[[ DATA FOR REVIEW open ]]

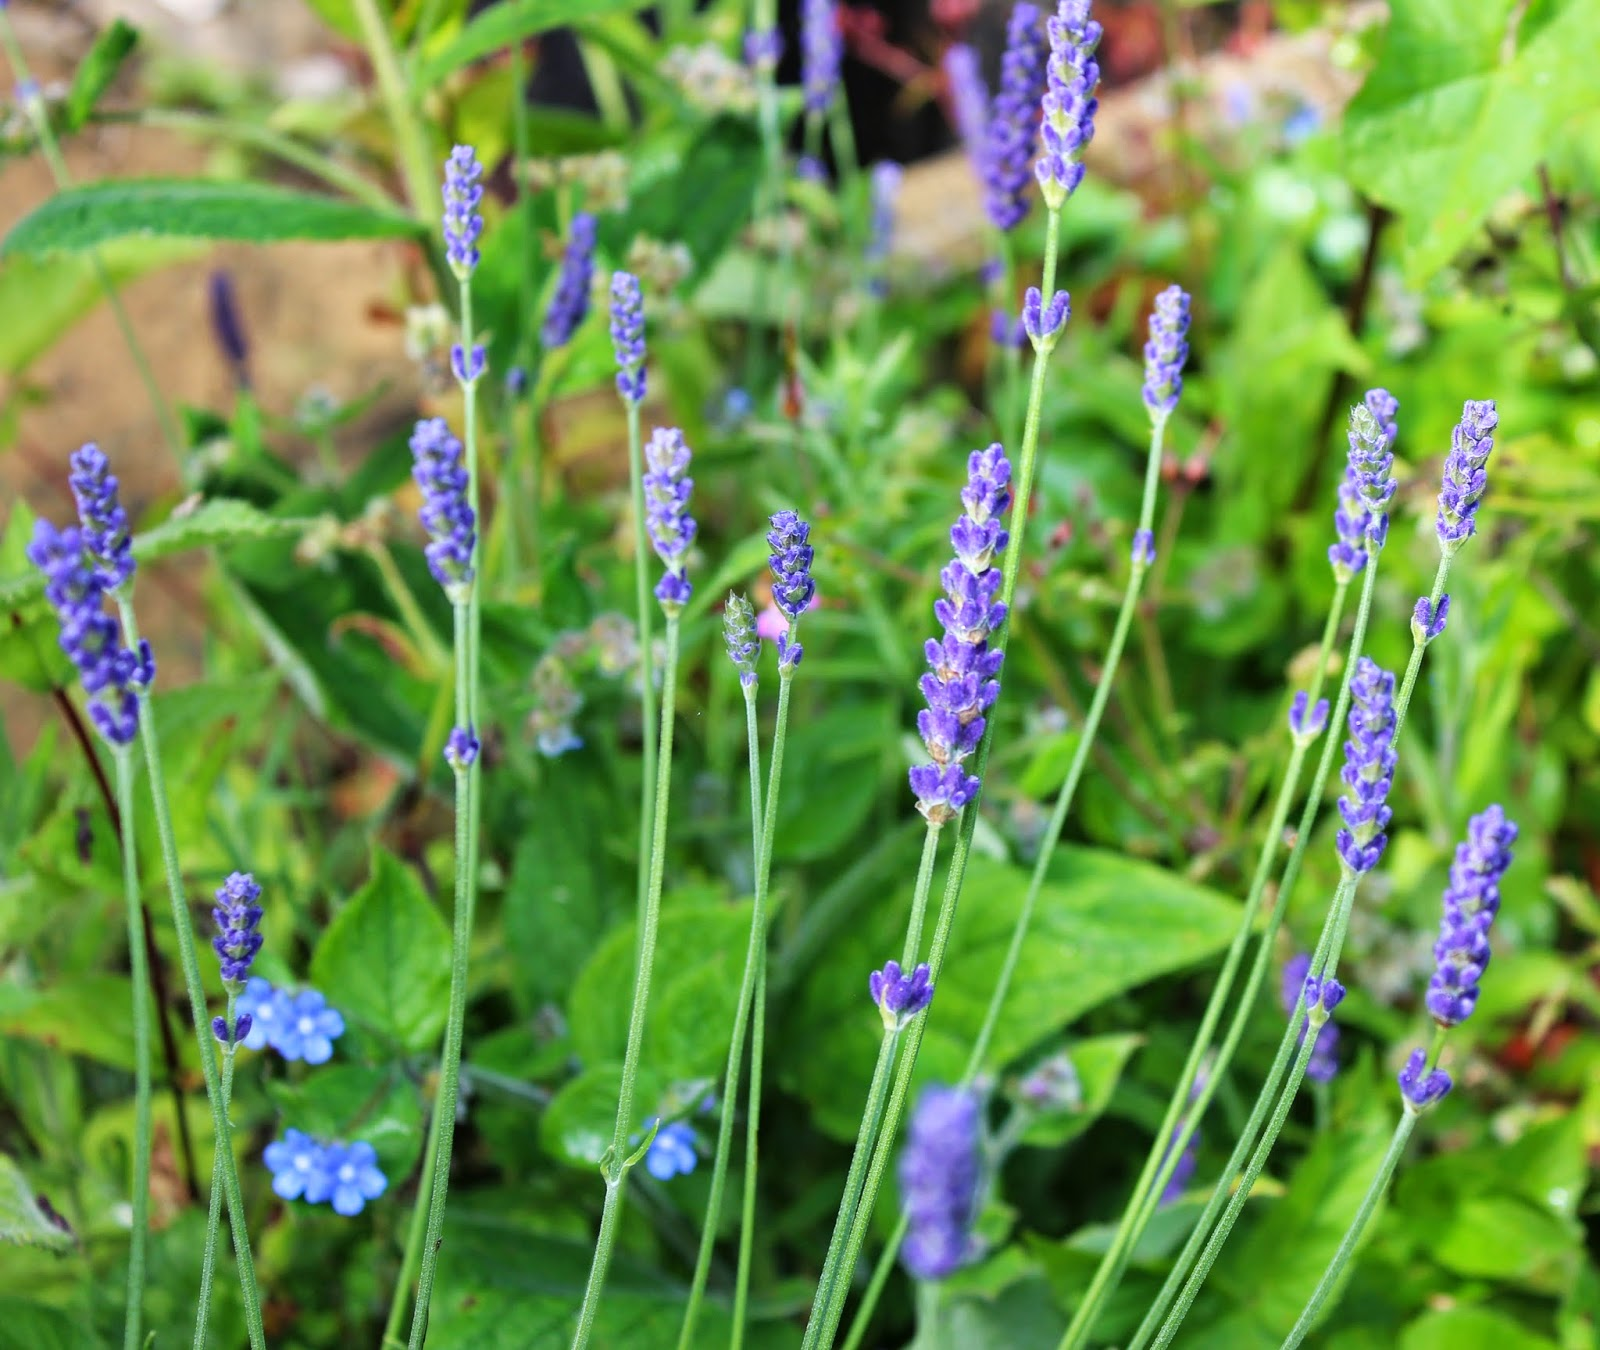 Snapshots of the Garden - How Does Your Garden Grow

[[ DATA FOR REVIEW closed ]]
[[ DATA FOR REVIEW open ]]

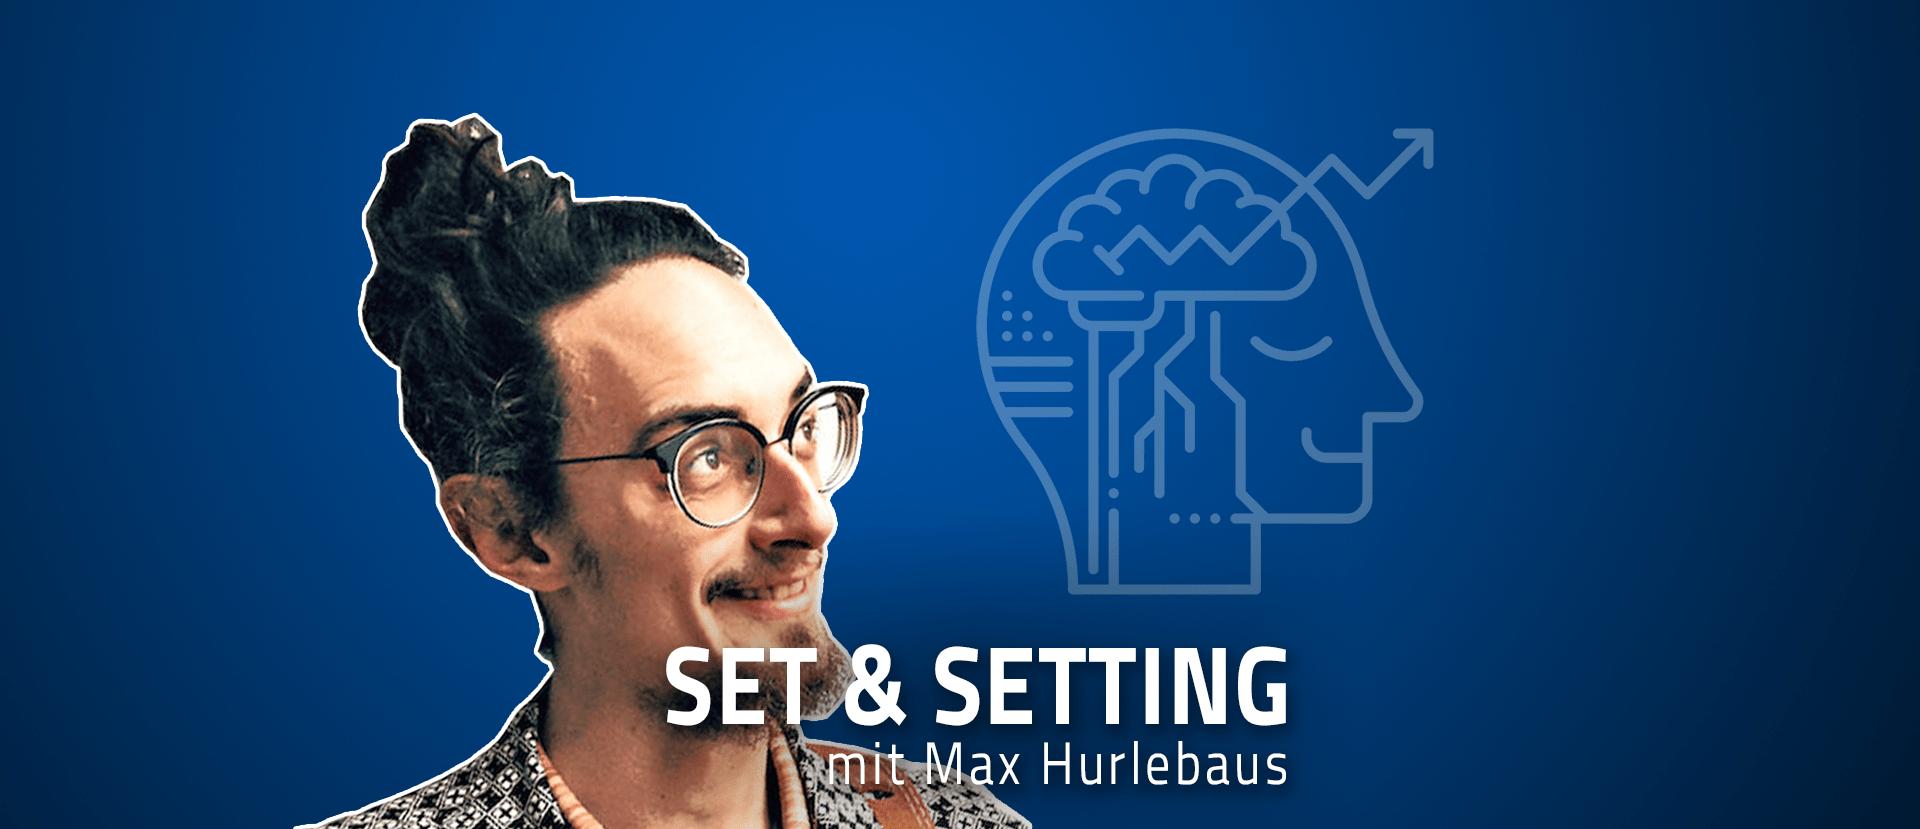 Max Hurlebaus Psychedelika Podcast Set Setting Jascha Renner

[[ DATA FOR REVIEW closed ]]
[[ DATA FOR REVIEW open ]]

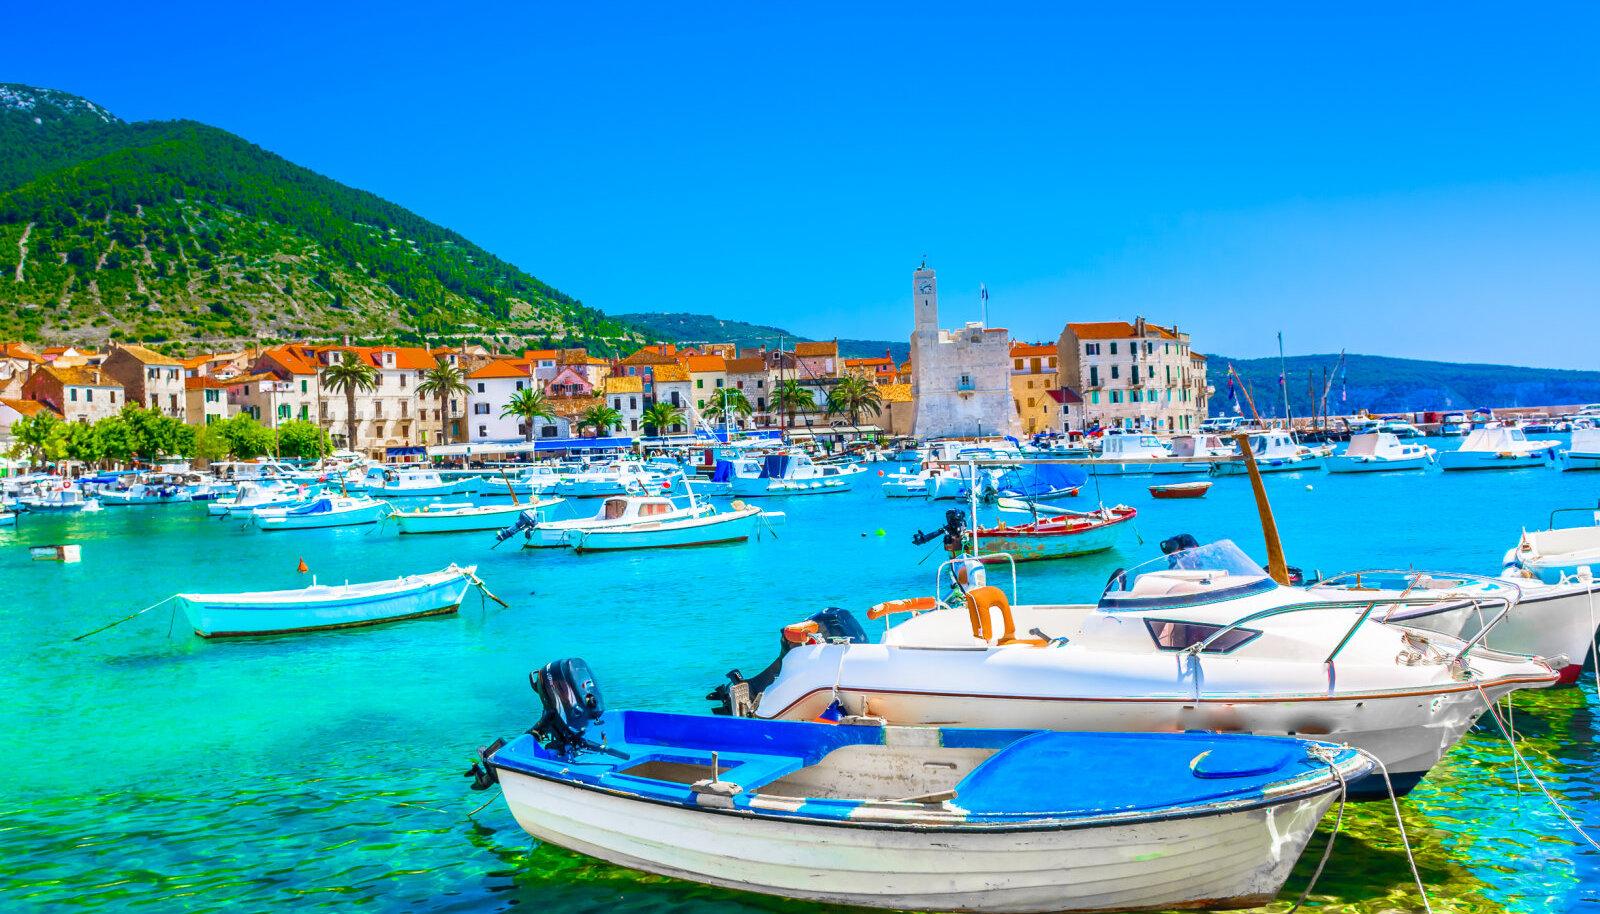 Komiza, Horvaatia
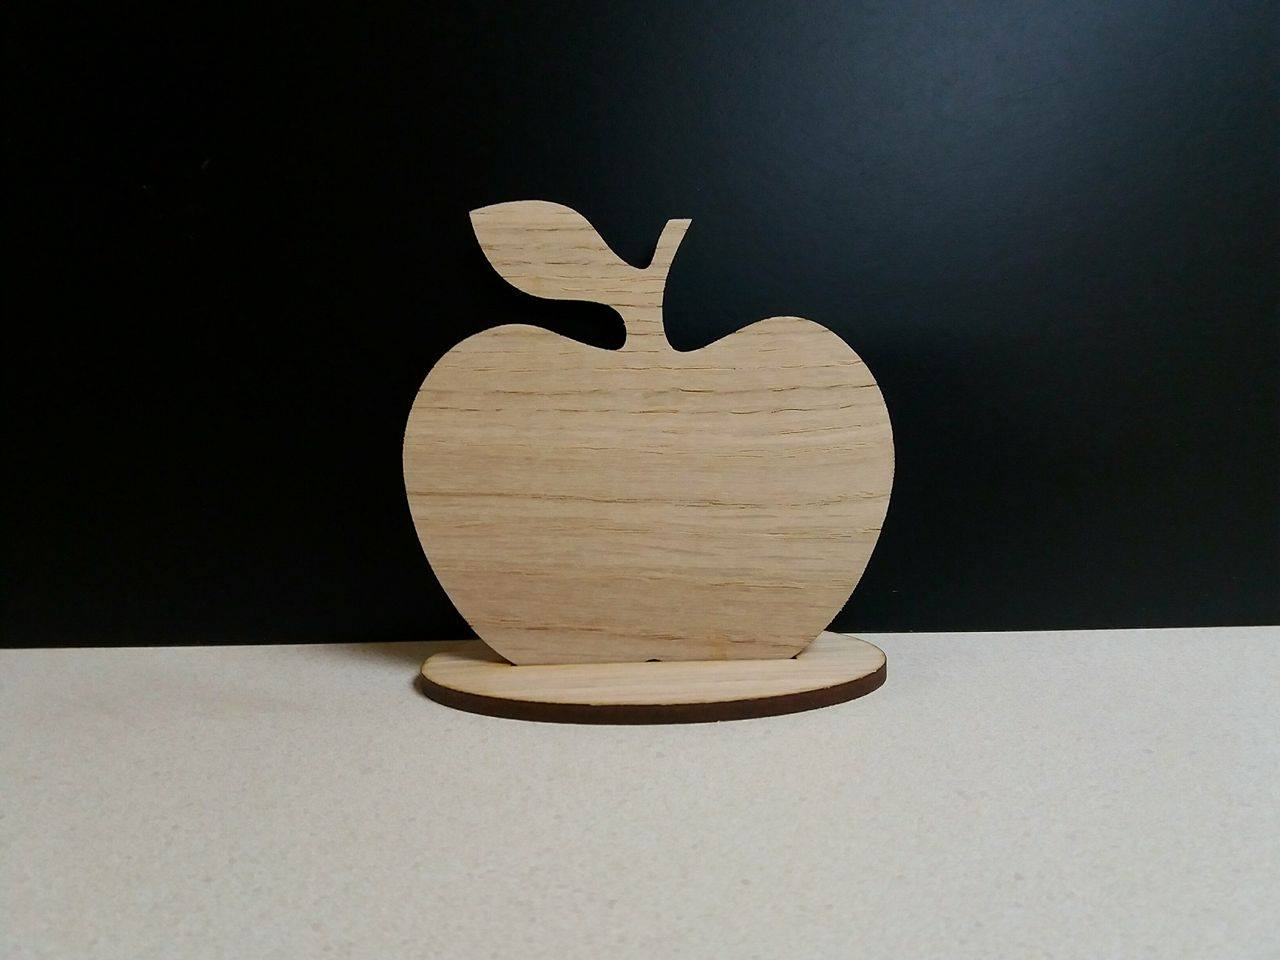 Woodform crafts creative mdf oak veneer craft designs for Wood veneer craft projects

[[ DATA FOR REVIEW closed ]]

- ACTIVITY -
Where a picture appears in the records above, omit it, and transcribe exactly the stretch of lines from the one with "Komiza, Horvaatia" through the one with "Woodform crafts creative".

- SOLUTION TO THIS PROBLEM -
 Komiza, Horvaatia
 Woodform crafts creative mdf oak veneer craft designs for Wood veneer craft projects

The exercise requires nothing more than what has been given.